In a study performed by Ancona et al. it was concluded that patients with resectable esophageal cancer who had received pre-operational chemoradiotherapy, had achieved complete remission and also higher long term survival rates in contrast to opposing groups . In a study carried out by Walsh et al. it was determined that pre-operative chemotherapy and subsequent resection had lesser esophageal tissue resection but higher complete resection (RO), when compared to surgical-only treatments . In general, this multi-aspect study was unable to determine the benefits of pre-operational chemotherapy followed by surgery. However, the finds of this study were consistent with that of ours.

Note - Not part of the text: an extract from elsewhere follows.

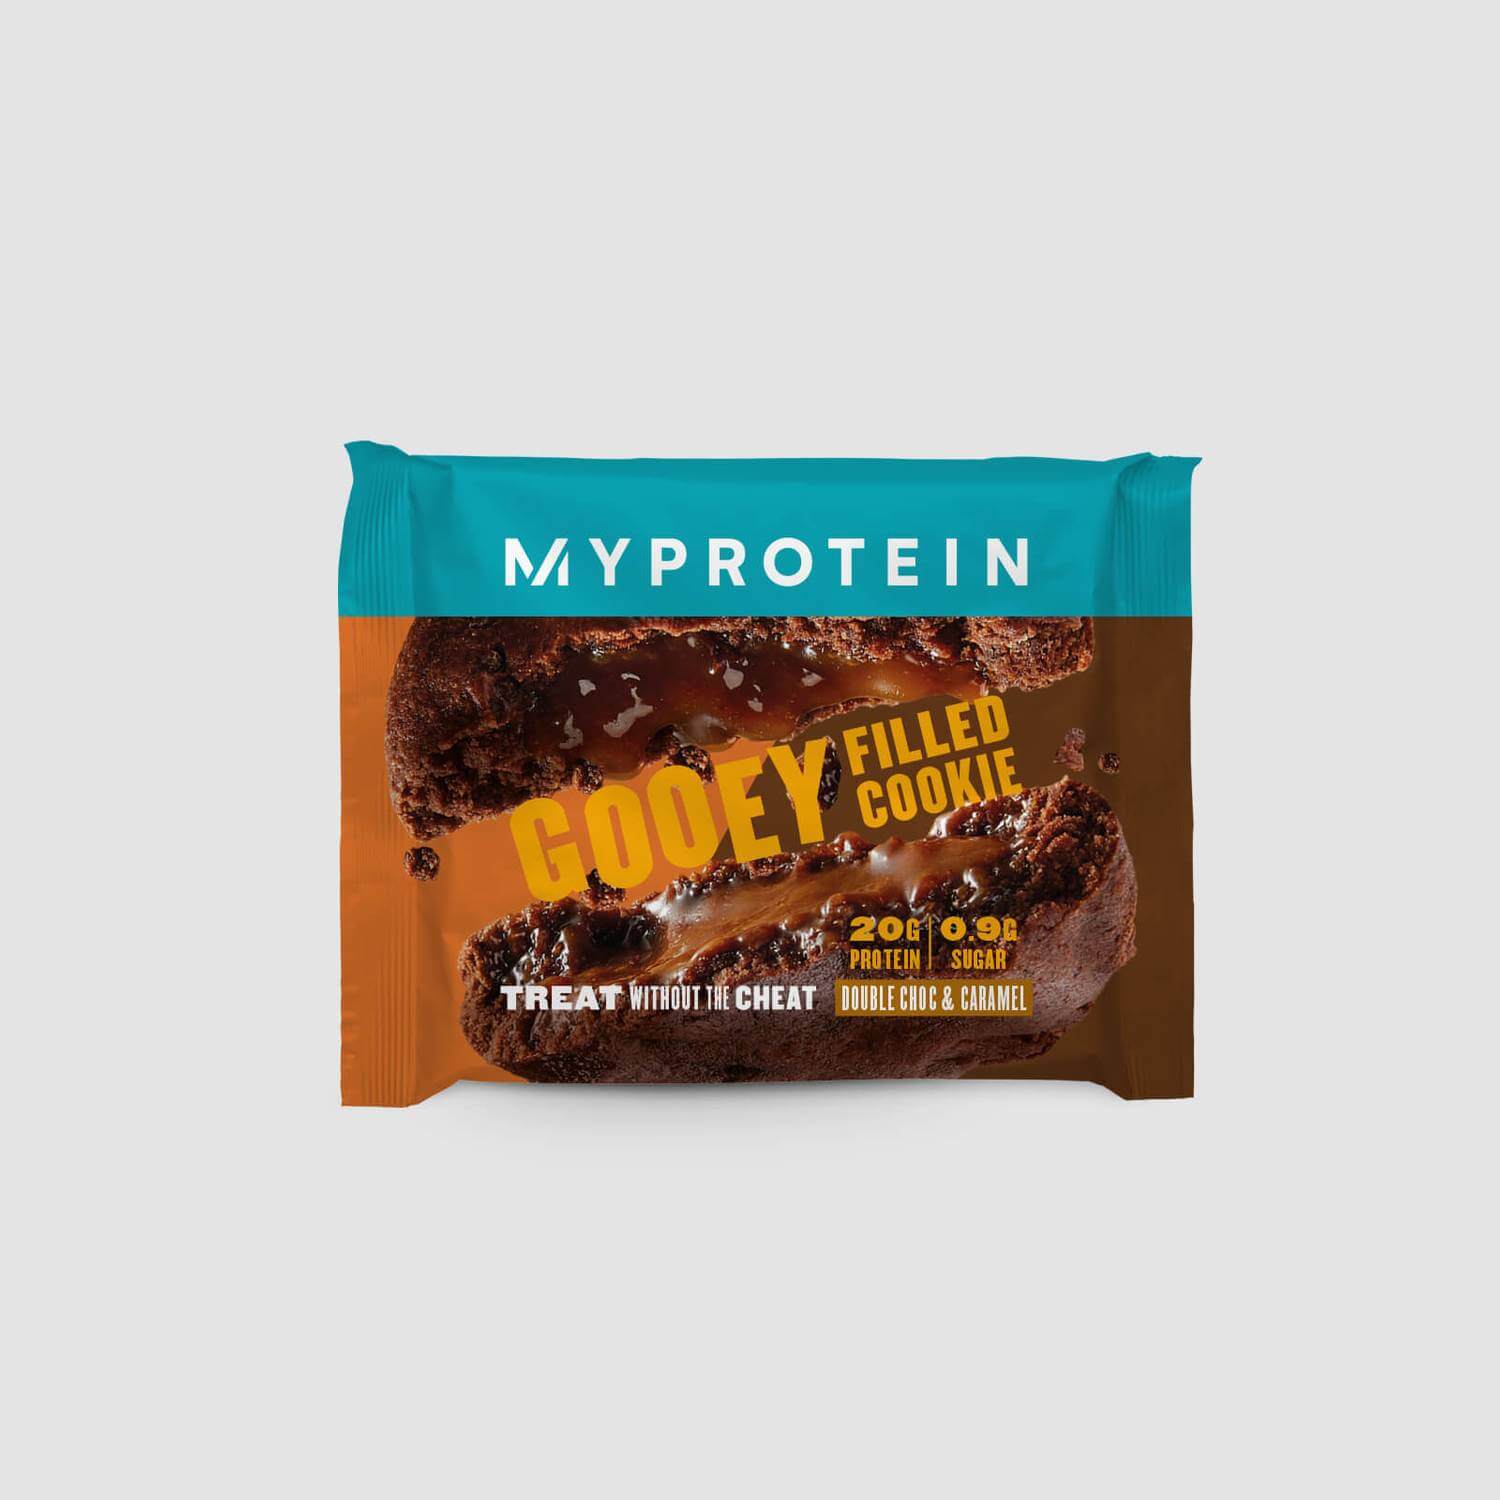 Myprotein Protein Filled Cookie (Sample) (AU)

Considering the gathered results, our study reveals that preoperational neoadjuvant chemoradiotherapy is beneficial for the survival rates of patients suffering from esophageal cancer, therefore we recommend that prior to performing invasive treatments, such as surgery, it is beneficial to provide chemoradiotherapy for these patients. Amongst the limitations of this study, the small study population is probably the most notable difference than other similar studies. This retrospective study was performed over a short period of time, thus variables such as tumor size and staging could not be accounted for. Therefore in order to determine patients better who have higher response rate to neoadjuvant chemoradiotherapy, further studies are required to be performed. Due to the aforementioned reasons, further more extensive studies are called for in order to determine the survival rate of esophageal cancer patients better.